(Re)Imagining Cheapside — Public Joy, Reckoning, and Reimagining in a Contested Public Space
City of Lexington and Bluegrass Community Foundation
2017
In the fall of 2017, two Confederate monuments were removed from the old Fayette County Courthouse and Cheapside—the site of one of the most prominent African American slave auction blocks in the United States. This act, while necessary, surfaced deeply entrenched tensions and unresolved histories within the community. Against this backdrop, Jay Pitter Placemaking was invited to lead a process that would establish common ground, honour the site’s painful history, and chart a pathway toward a more just and harmonious future.
With a five-year moratorium placed on any new design interventions, the work focused on public education, community engagement, and the establishment of placemaking principles to guide the site’s future. Central to this process was the understanding that public joy is not the opposite of pain, but a practice of reckoning and renewal—a way to hold complexity while creating conditions for collective healing and shared possibility.
The project included a comprehensive site audit and policy review, followed by an extensive placemaking SWOT and community asset-mapping process that extended beyond Cheapside to other historically significant sites across Lexington. In collaboration with a wide range of stakeholders, the practice designed communications, media, and public education strategies to support informed, constructive dialogue and delivered equitable placemaking capacity-building sessions for client partners and local institutions. More than 20 public engagements were convened, including a children’s design charrette (in partnership with Downtown Lexington Partnership and the Lexington Public Library), neighbourhood walks, shared meals and idea exchanges, and a televised Witnessing Circle—each designed to transform a site of trauma into a space of learning, connection, and joyful public life.
The project’s success catalyzed further community-building work: Jay Pitter Placemaking was immediately contracted to lead a city-wide series of courageous On the Table conversations—a three-day event that brought together more than 5,000 stakeholders across multiple public spaces to envision the future of Lexington together.
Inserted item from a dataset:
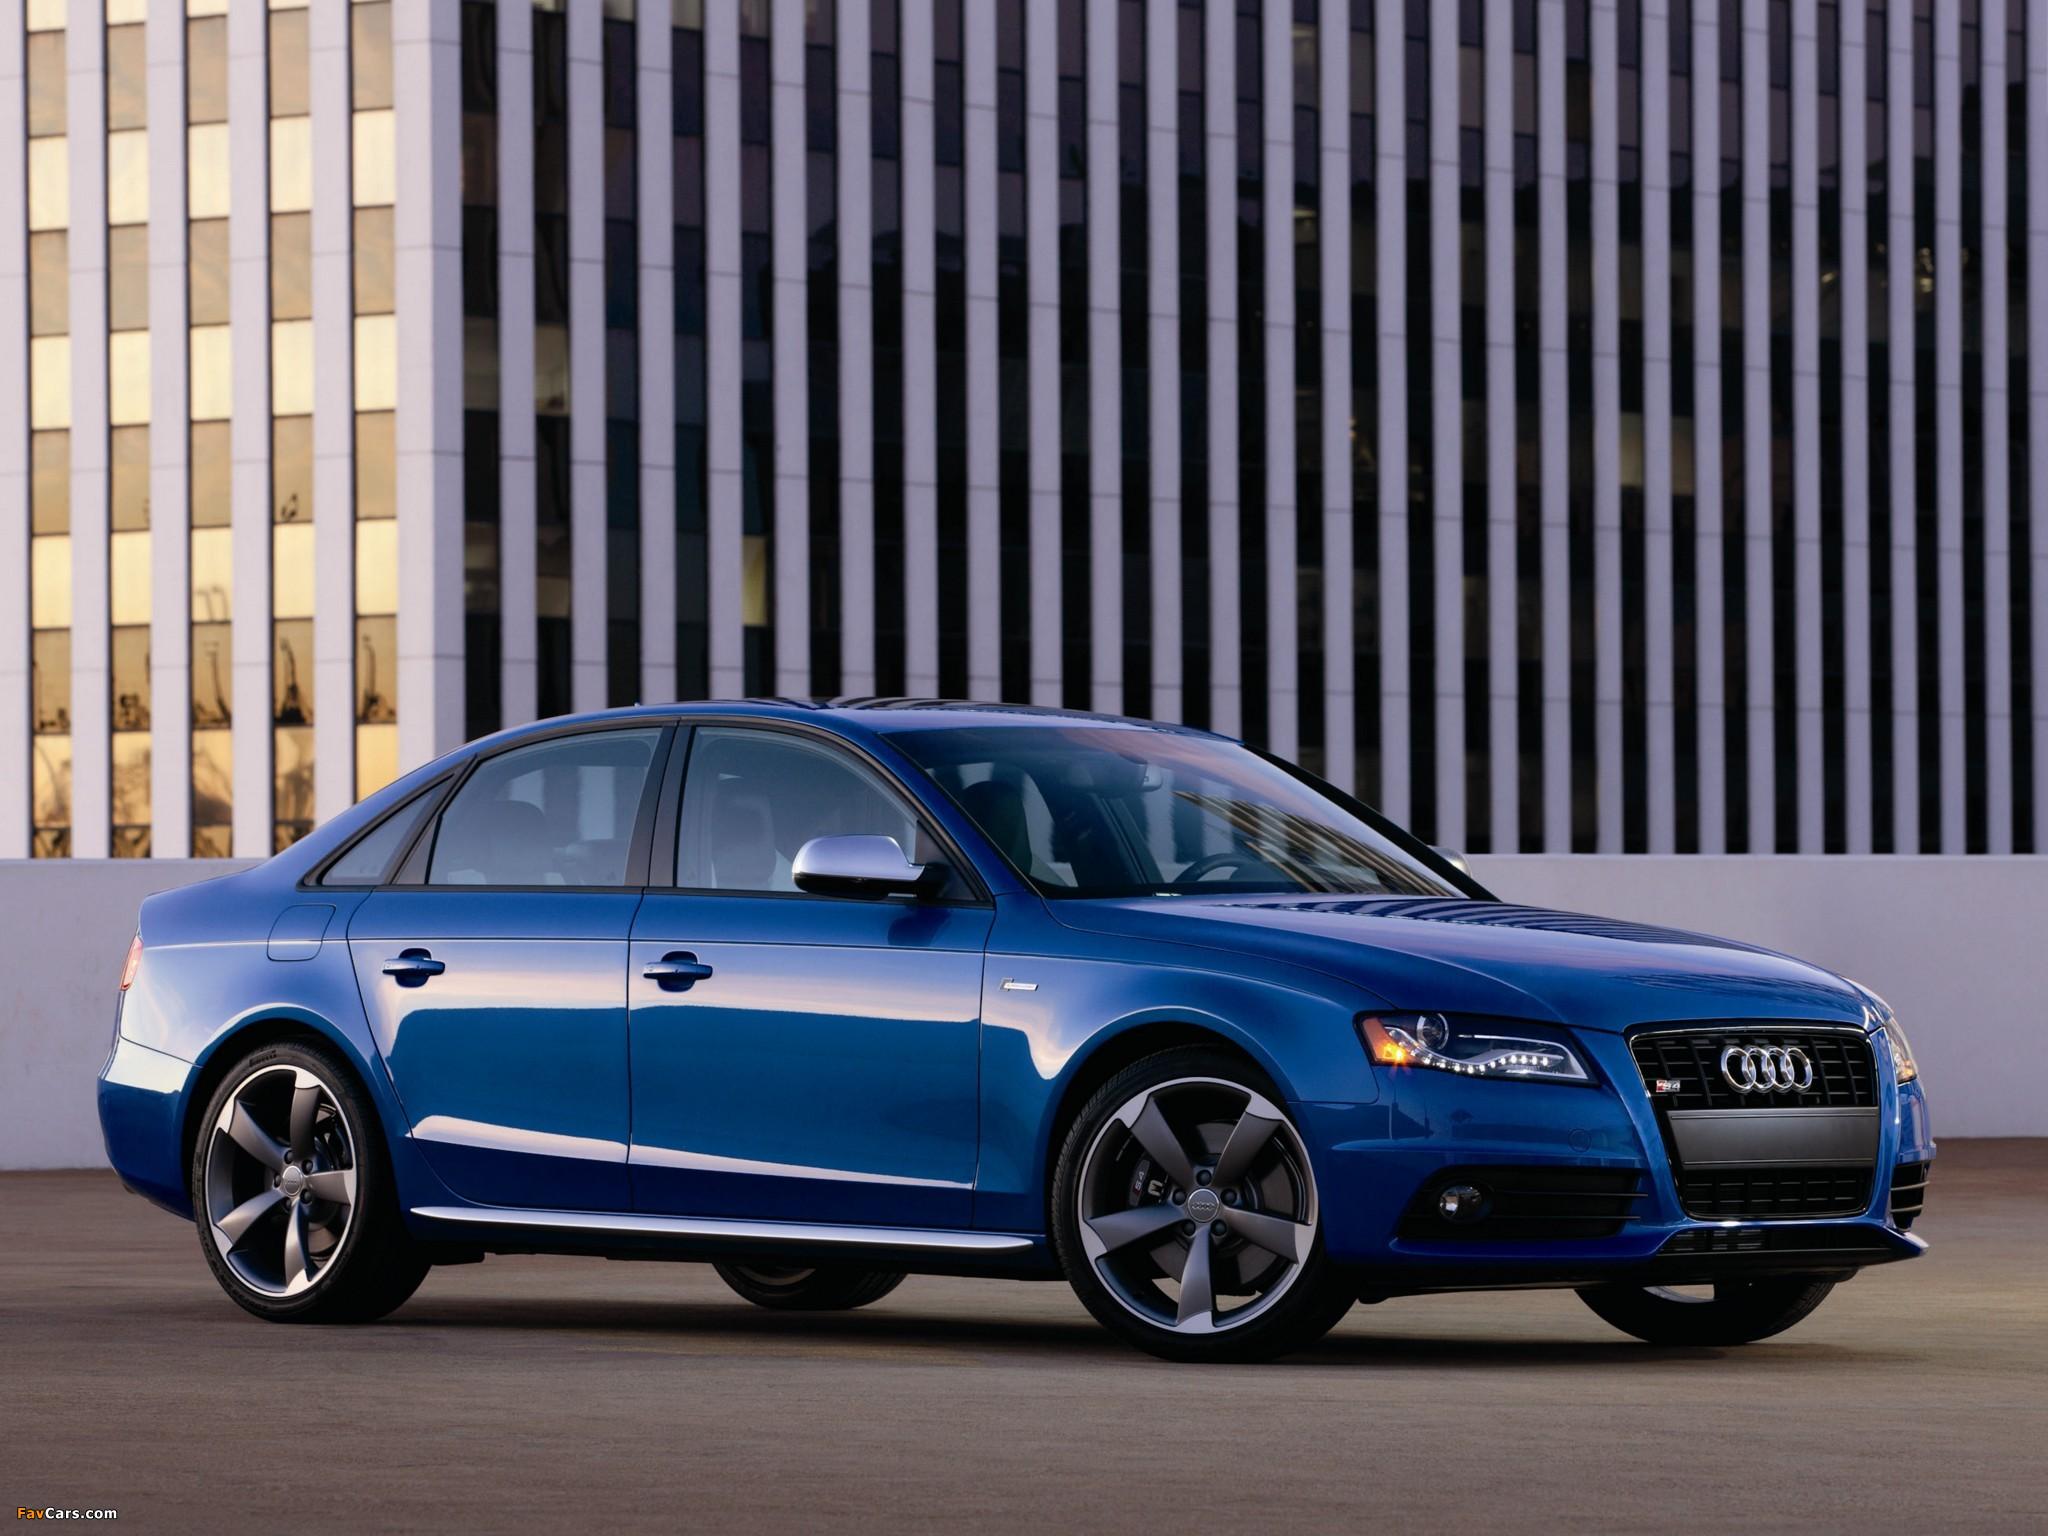 2009 Audi S4 Price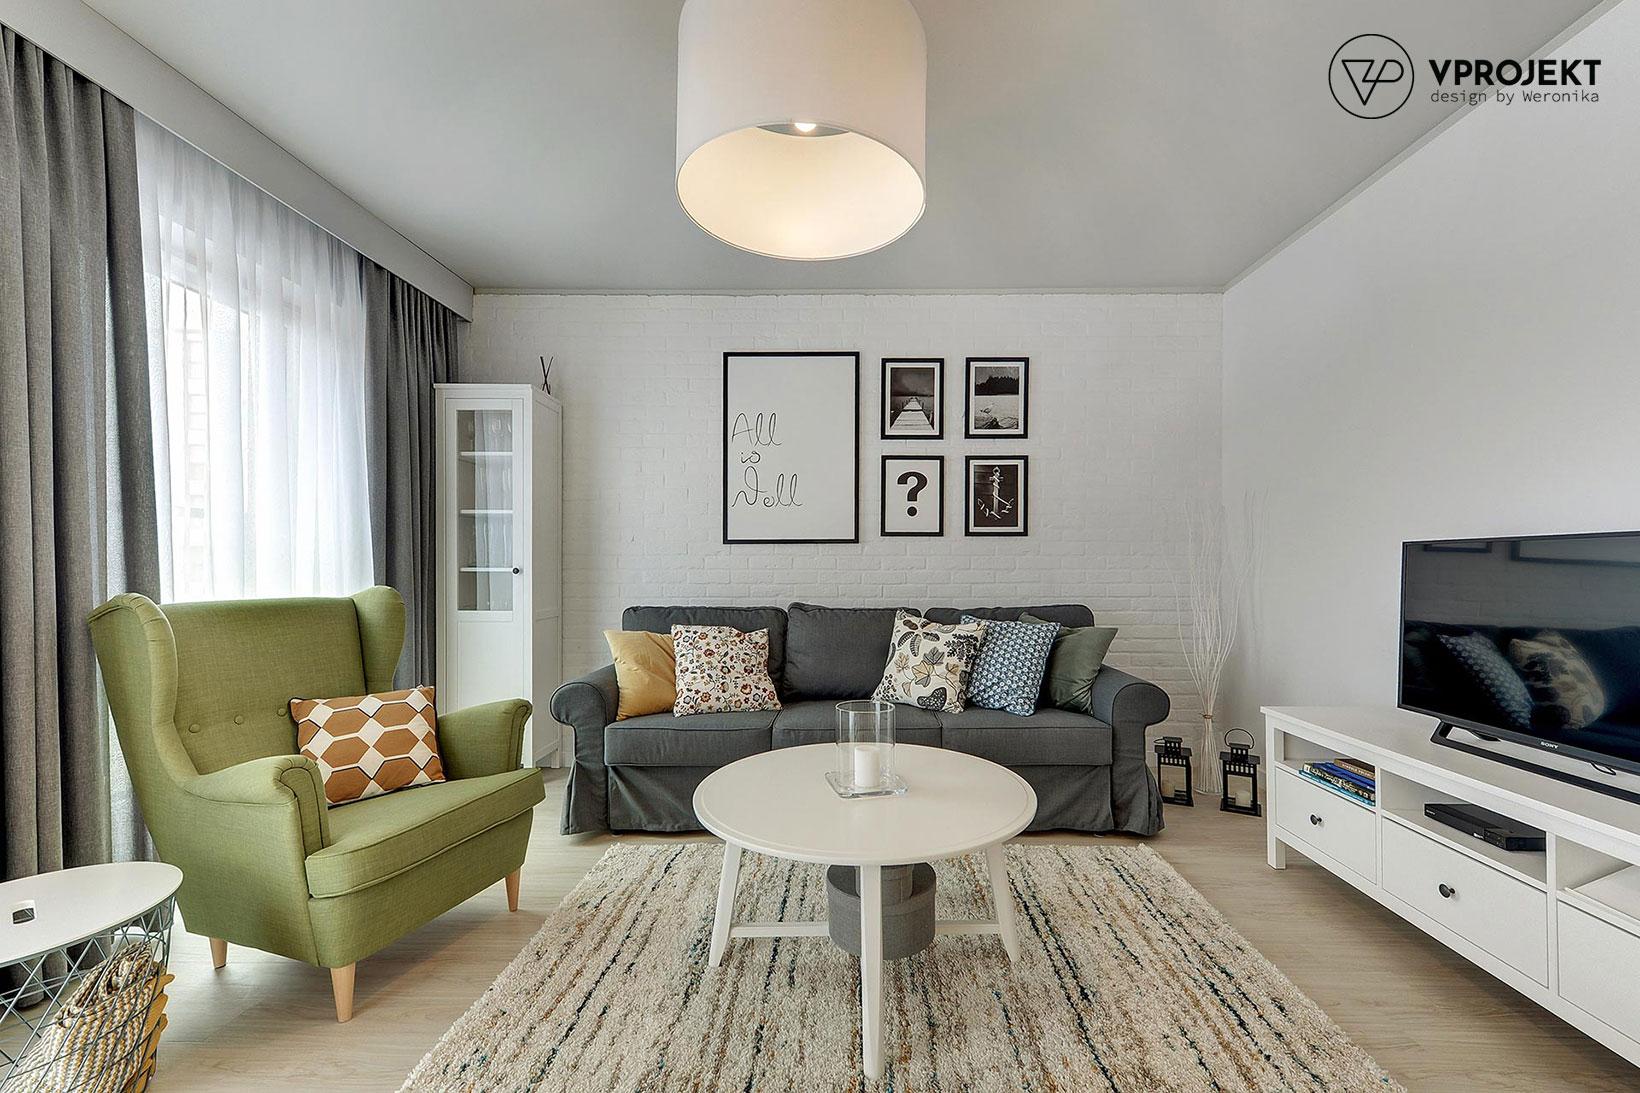 Pokój dzienny, mieszkanie do wynajęcia w Gdańsku

This project was also part of a submission that received the Creating a Healthy City for All Design Award (2019), recognizing its innovative approach to transforming a contested site into a foundation for inclusive and joyful placekeeping.
By embedding public joy into a process of historical reckoning and spatial transformation, (Re)Imagining Cheapside demonstrates how even the most fraught spaces can become sites of shared memory, accountability, and collective possibility—places where new civic futures can be imagined together.